The study of Law encompasses a wide range of legal disciplines. For example, labour law examines the tripartite industrial relationship between worker, employer and trade union; criminal law studies a country’s justice system; family law is concerned with marriage and divorce; commercial law is about contracts; property laws cover rights in land, whether real or personal (such as ownership of computers, cars and jewellery); and forensic science is about which materials can be used to build up a case in court.
In addition to its coercive aspects and sanctions-imposing functions, law serves a variety of other functions in our society, such as establishing norms of desirable behavior, proclaiming symbolic expressions of communal values, or resolving disputes about facts. It is these other functions that primarily drive debates about what law actually is.
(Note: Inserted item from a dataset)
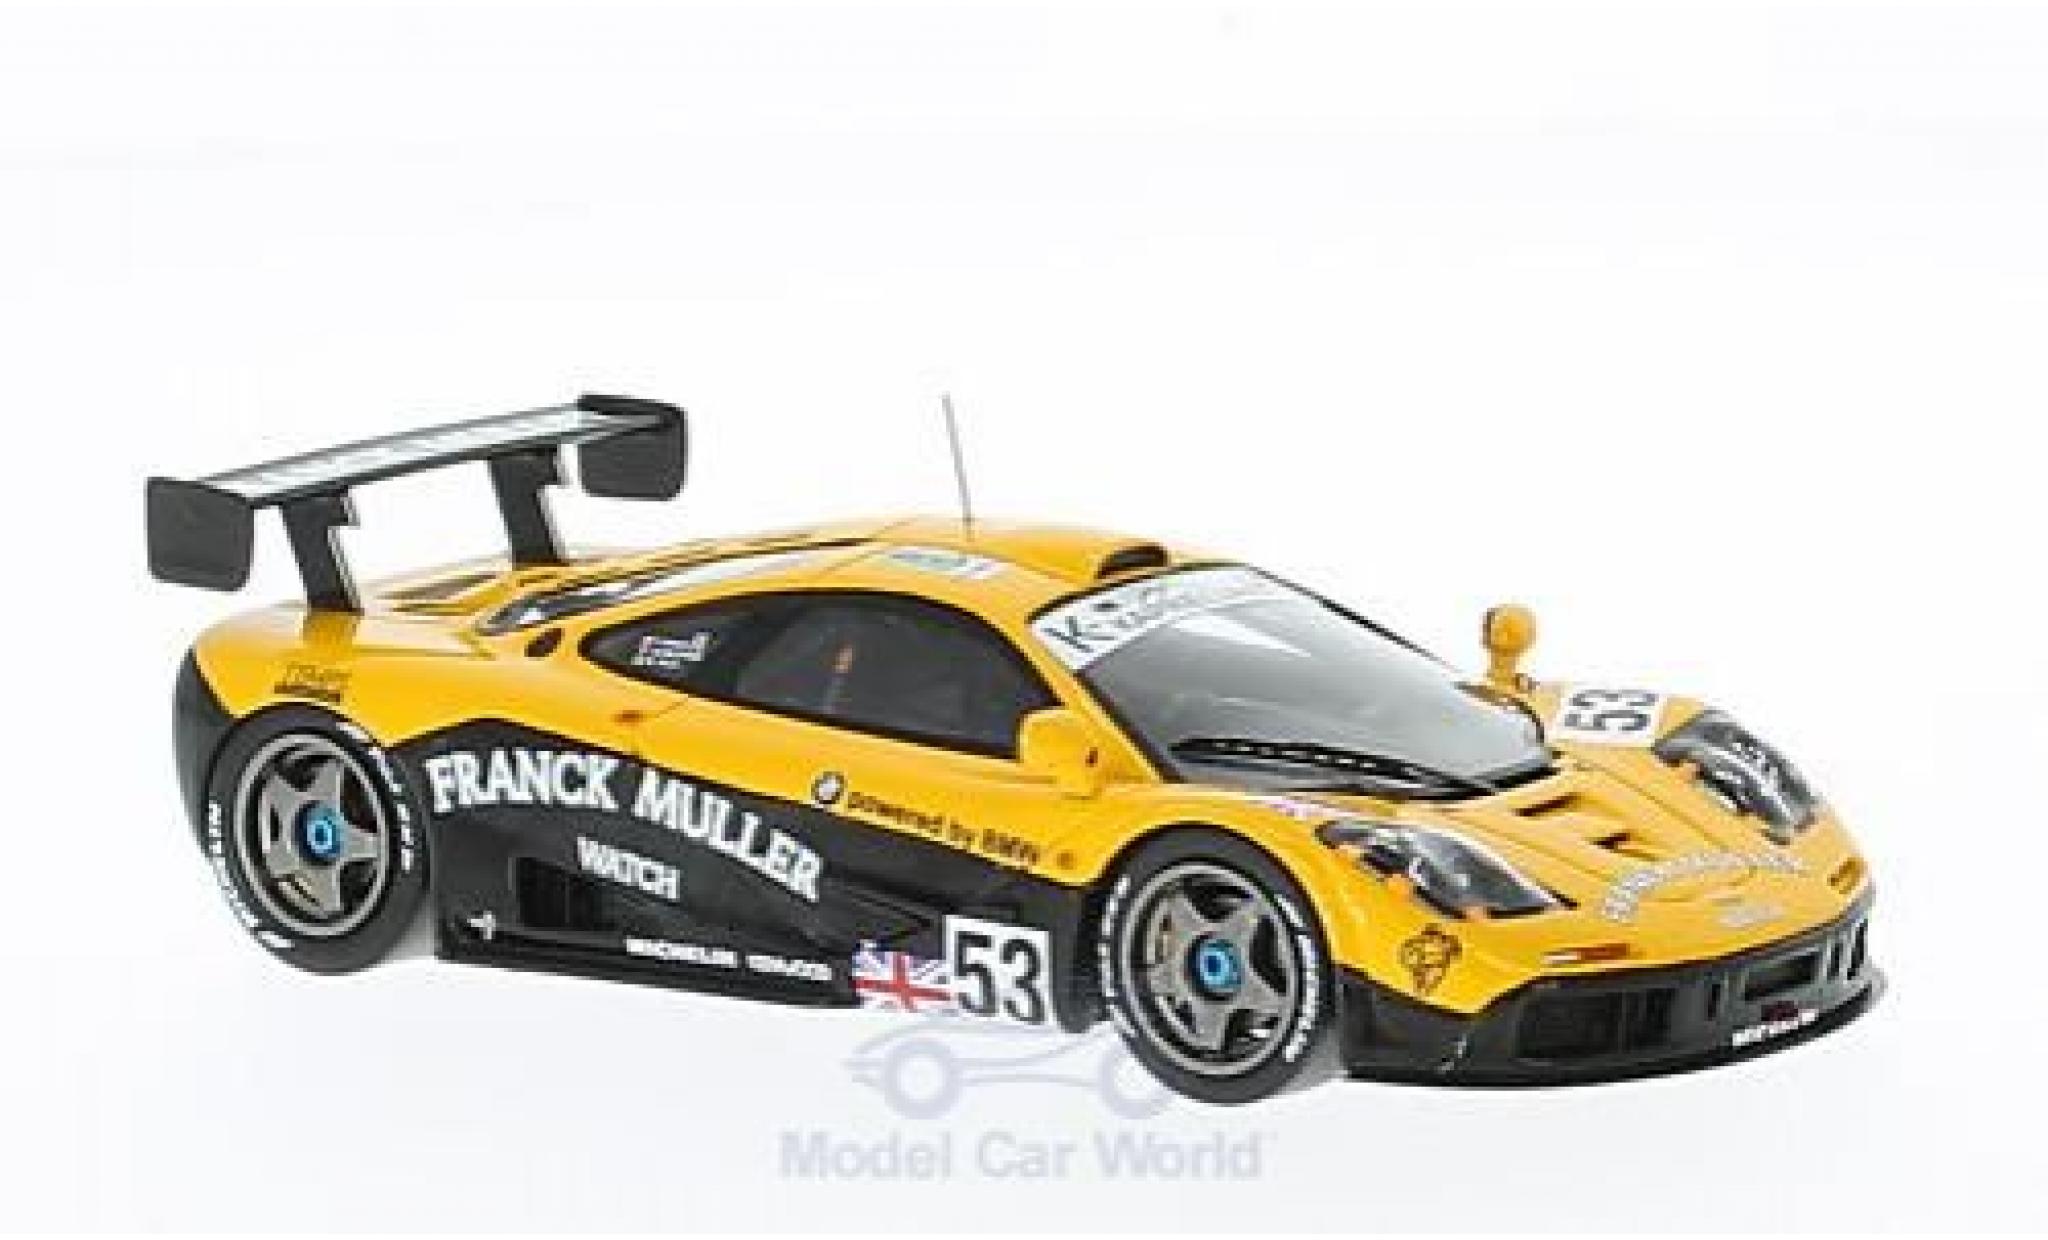 1:43 Mclaren F1 Gtr #.53 Lemans Lm 1996 Franck Muller Racing Modelo Diecast Car

For example, a reductionist account of law’s normativity suggests that it simply consists in the fact that subjects desire to avoid sanction, but this argument has been fiercely criticized by H.L.A Hart. Other critics have suggested that law’s normative aspect is primarily the fact that it gives us reasons to follow its rules.
A further debate about the nature of law concerns how far law is a distinct entity from other normative domains in our culture, such as morality, religion and social conventions like etiquette, which also guide human behaviour in many ways which are similar to those served by the law. This debate is relevant for understanding how the functions of the law interact with other normative domains, and how the laws we create can be improved.